Relativamente ai pagamenti accoppiati sarà possibile destinare fino al 10% delle dotazioni finanziarie dei pagamenti diretti e un ulteriore 2% da destinare alle colture proteiche. Il mondo accademico ci segnala l’inefficacia dei pagamenti accoppiati rispetto agli obiettivi per i quali sono stati concepiti, gli effetti distorsivi sulla produzione e sul mercato e la natura limitante della libertà di produrre o non produrre degli agricoltori, ed è concorde nella loro eliminazione o limitazione nel tempo. In generale, tutte le politiche di prezzo e/o pagamenti accoppiati si sono rivelate inefficienti rispetto agli obiettivi per i quali erano stati concepite. All’opposto, fino ad oggi, le organizzazioni agricole, agroindustriali e i decisori pubblici hanno sempre guardato positivamente al mantenimento dei pagamenti accoppiati. A mio parere la scelta più giusta da fare sarebbe quella di aiutare veramente i settori più in difficoltà, come ad esempio quello dalla barbabietola da zucchero e i settori caratterizzanti l’agricoltura di montagna, come la zootecnia estensiva e mi auguro che si vada in questa direzione.

Ulteriori elementi di flessibilità introdotti a seguito dell’accordo di ottobre riguardano, ad esempio, la possibilità di scorporare tutti i costi del lavoro dall’applicazione del capping che, a scelta dello Stato membro, può essere attuato per importi superiori a 100.000 euro di pagamento di base per azienda.
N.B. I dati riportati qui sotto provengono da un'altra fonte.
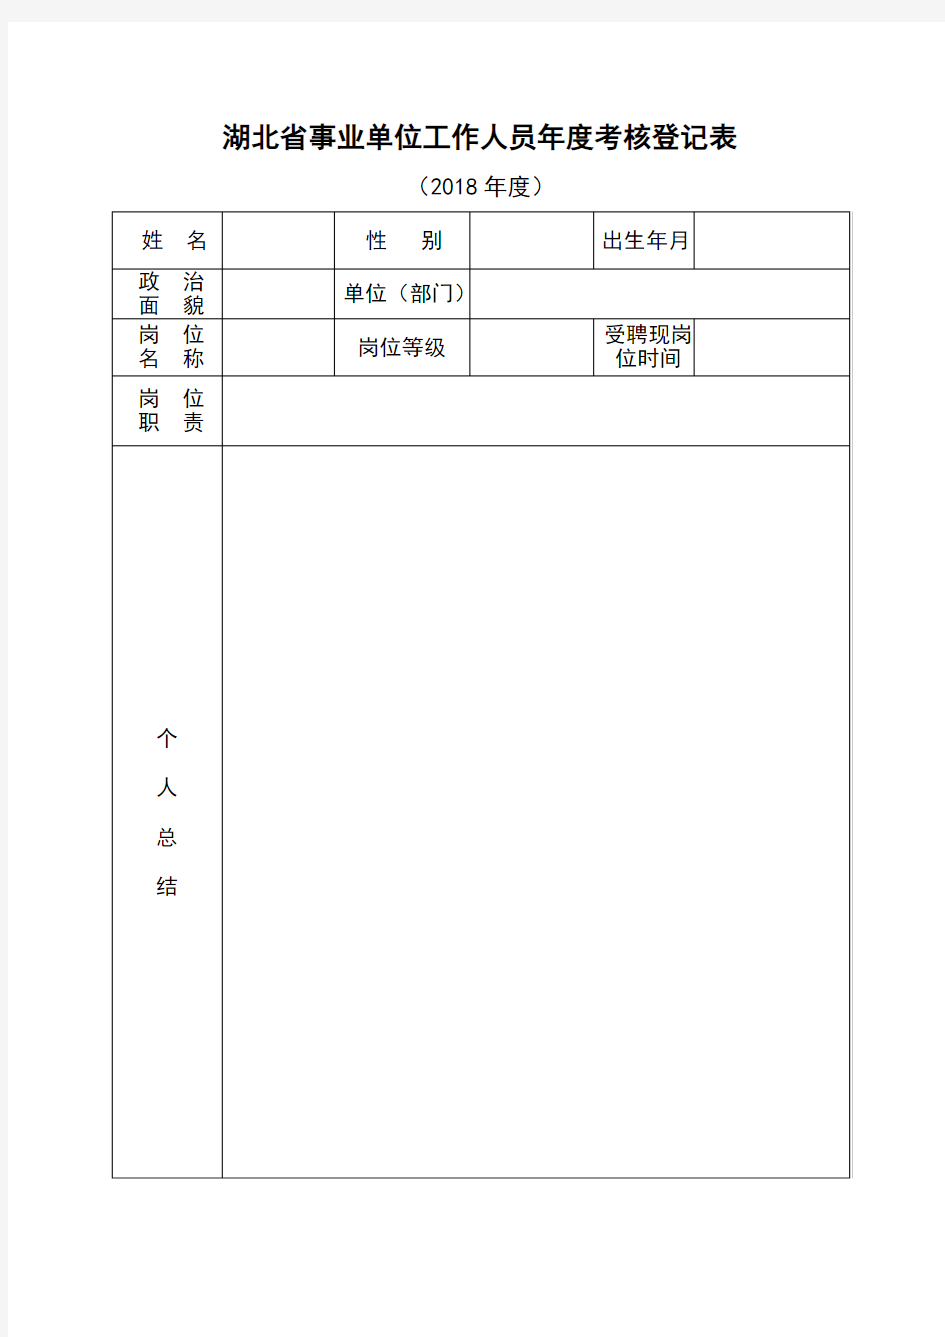 湖北省事业单位工作人员年度考核登记表

Un lavoro più complesso sarà invece nella definizione di agricoltore attivo che sarà in capo allo SM.

Da segnalare che per il settore dell’olio di oliva, è stata prevista la possibilità di finanziare anche interventi di carattere strutturale, analogamente a quanto accade per il settore vitivinicolo, ed è stato eliminato il vincolo per l’erogazione del sostegno del 5% del valore del prodotto commercializzato, che avrebbe fortemente condizionato la capacità di utilizzazione delle risorse comunitarie. Un’altra importante novità riguarda il settore vitivinicolo, in particolare l’autorizzazione di nuovi impianti, che consente di utilizzare ancora i vecchi diritti in portafoglio ai produttori. Sicuramente per rendere più competitivo il settore andrebbe elevato l’attuale volume minimo per il riconoscimento delle OP.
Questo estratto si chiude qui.